The observed mortality rate is consistent with the disparities in ESRD outcomes between resource-limited and high-income countries [2,14]. For instance, while one-year survival rates often exceed 85% in registries from North America [6], our data align more closely with reports from other sub-Saharan African contexts, where systemic challenges such as late presentation, high cost of treatment, and limited supportive care contribute to poorer survival [15–17]. The advanced age of our non-survivors (median 73 years) reaffirms a well-established global trend, where older patients on dialysis experience higher mortality due to a greater burden of frailty and comorbidities[18]. Frailty is highly prevalent in this population and is a strong, independent predictor of mortality, hospitalizations, and other adverse outcomes [19,20]. The trajectory of frailty is also concerning, as worsening frailty in the initial months after starting dialysis further predicts increased mortality risk.

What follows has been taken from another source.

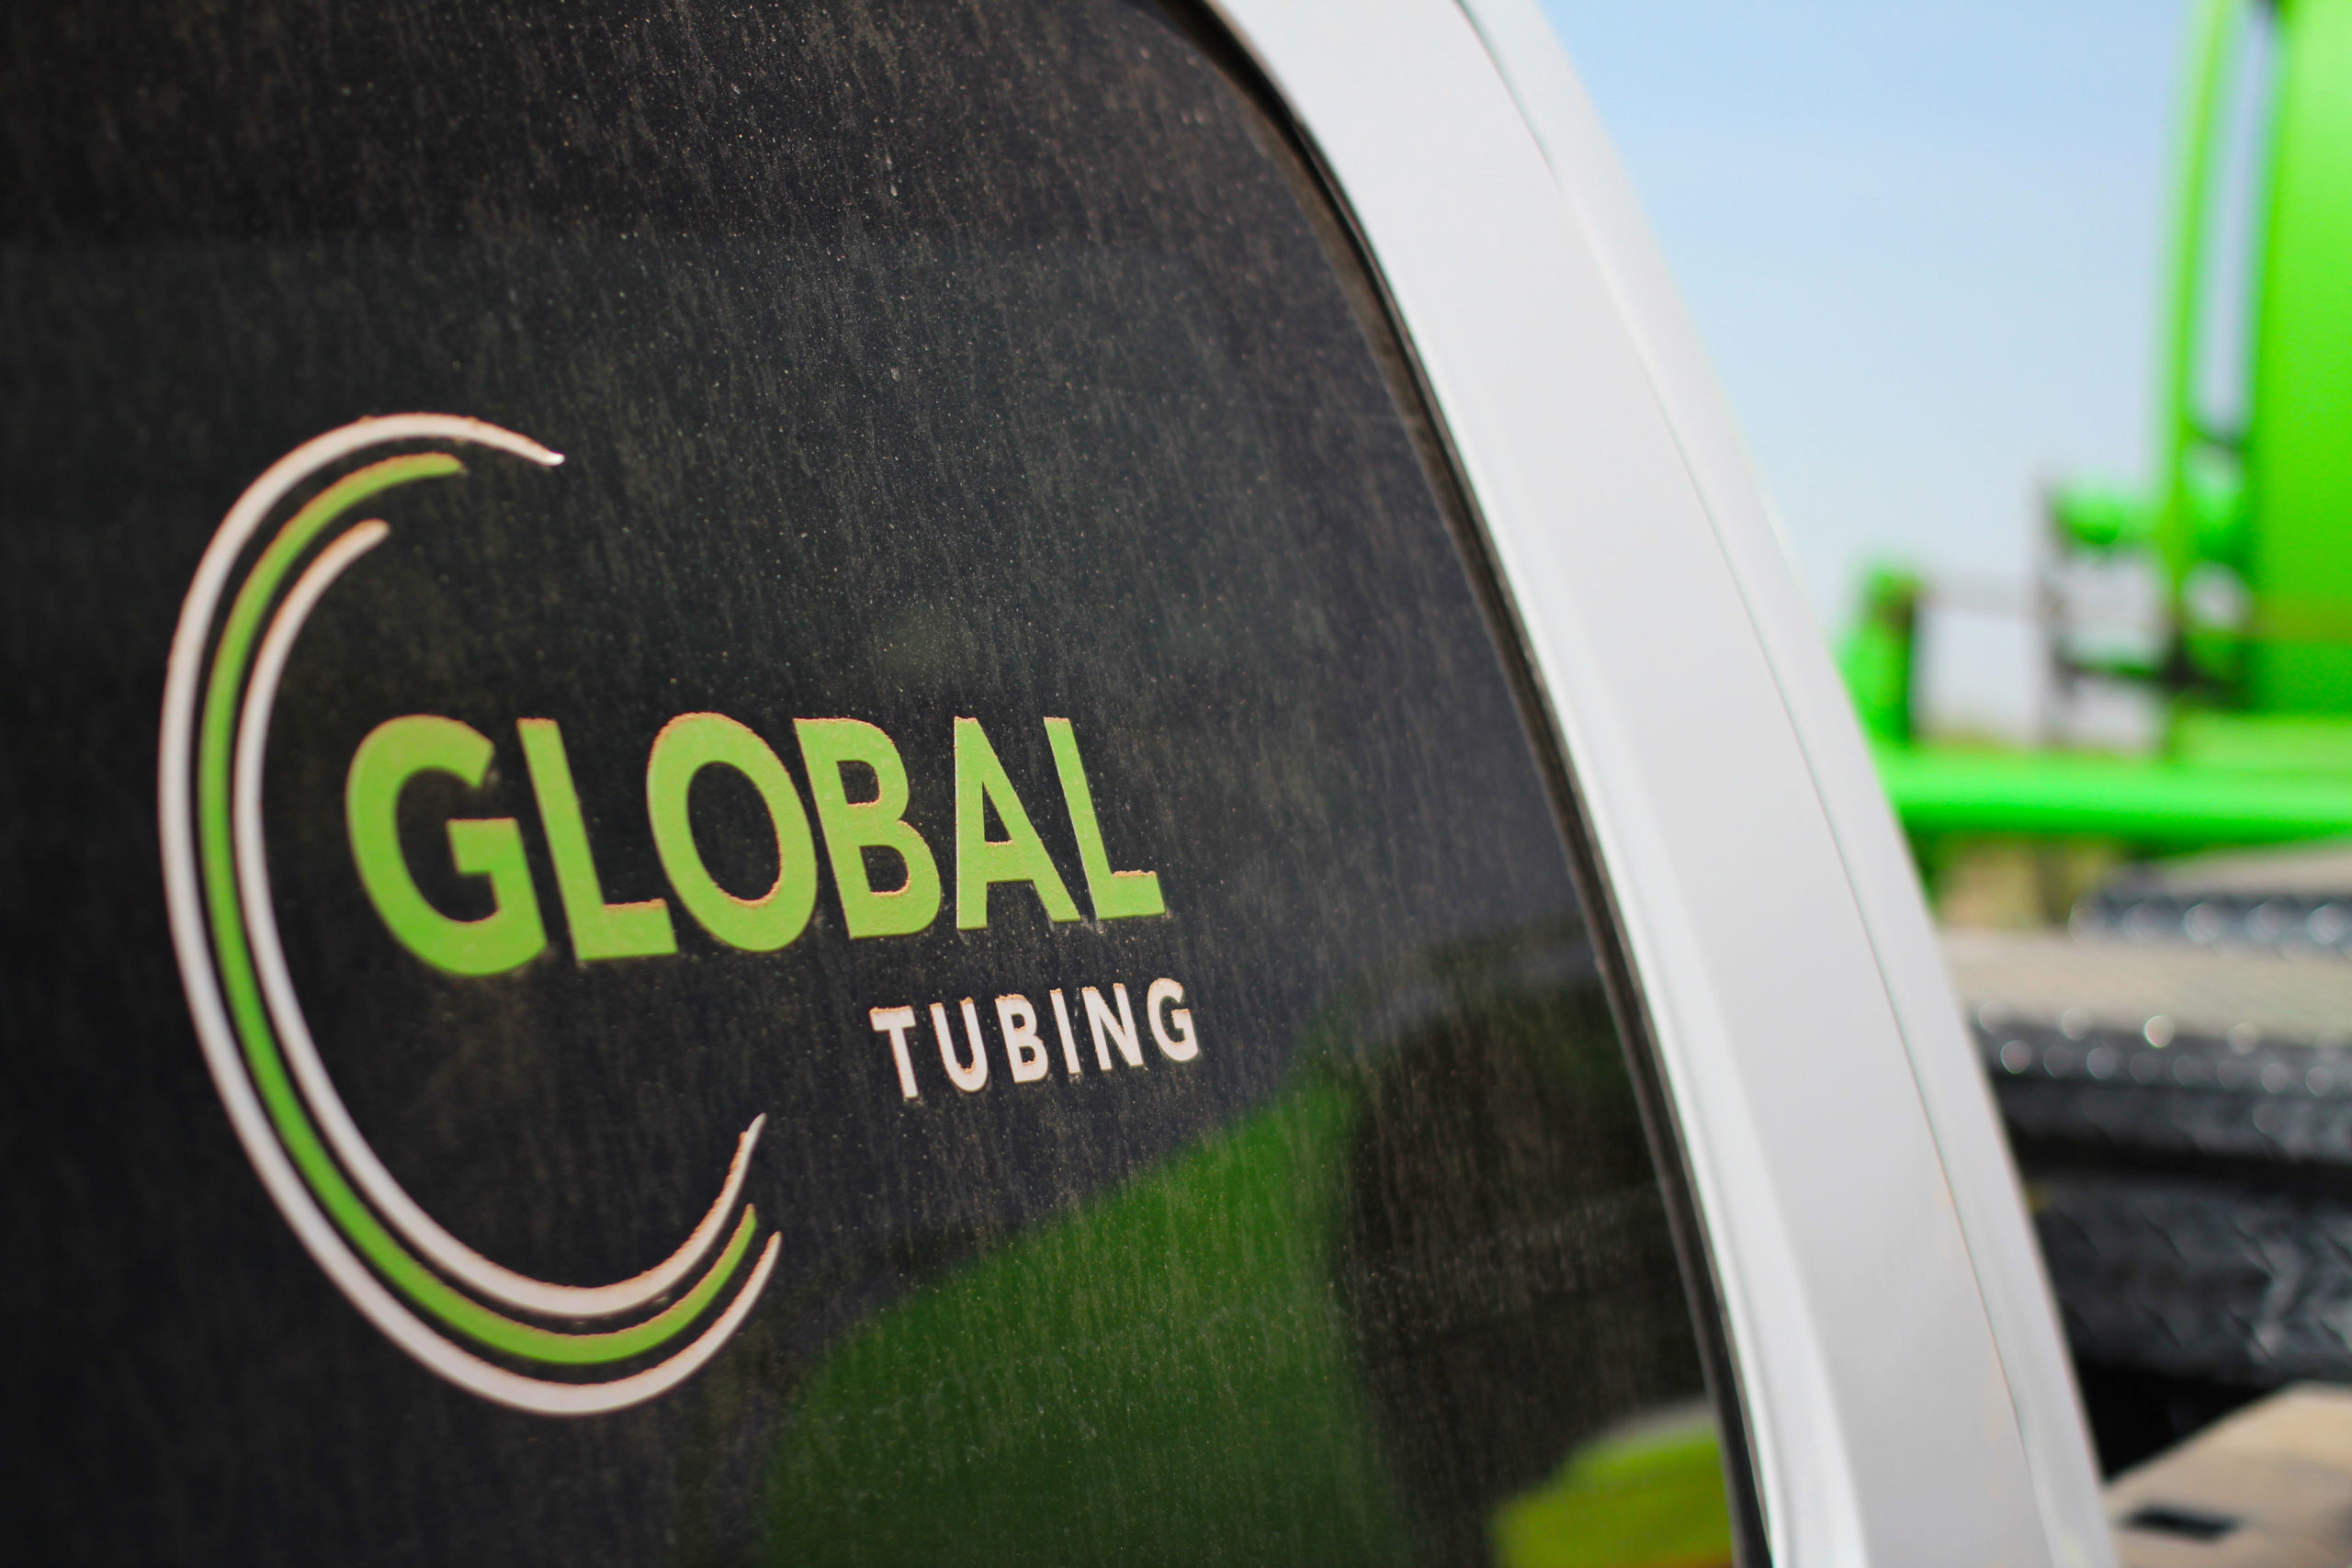 Global Tubing truck

The most compelling finding of our study is the strong independent association between CVC use and mortality (aHR 3.12). This aligns with a large cohort study from Mexico, which found a 2.8 to 5.0-fold increased mortality risk for tunneled and non-tunnelled CVCs, respectively, compared to AVFs[7]. This pattern of significantly elevated risk associated with catheters is consistently observed across diverse geographic and healthcare settings, from underserved populations in Latin America to elderly cohorts in Europe [20,21]. Our findings are also consistent with a recent systematic review and meta-analysis of over 300,000 elderly patients, which concluded that initiating dialysis with a CVC was associated with a 53% higher risk of death compared to arteriovenous access. This pattern of significantly elevated risk is consistently observed across diverse healthcare settings, from national registries in Europe to cohort studies in North America and Mexico[8].
The 90% prevalence of CVC use indicates a systemic failure in the predialysis care pathway. This finding resonates with recent audits from Kenyan national referral hospitals, which also report a predominance of catheter use at dialysis initiation, often exceeding 80% [11,12]. This pattern is not isolated but reflects a regional challenge, as seen in neighboring Tanzania, where CVC initiation is nearly universal [13]. This 'catheter-first' reality constitutes a critical public health issue that is both clinically detrimental and economically inefficient for healthcare systems.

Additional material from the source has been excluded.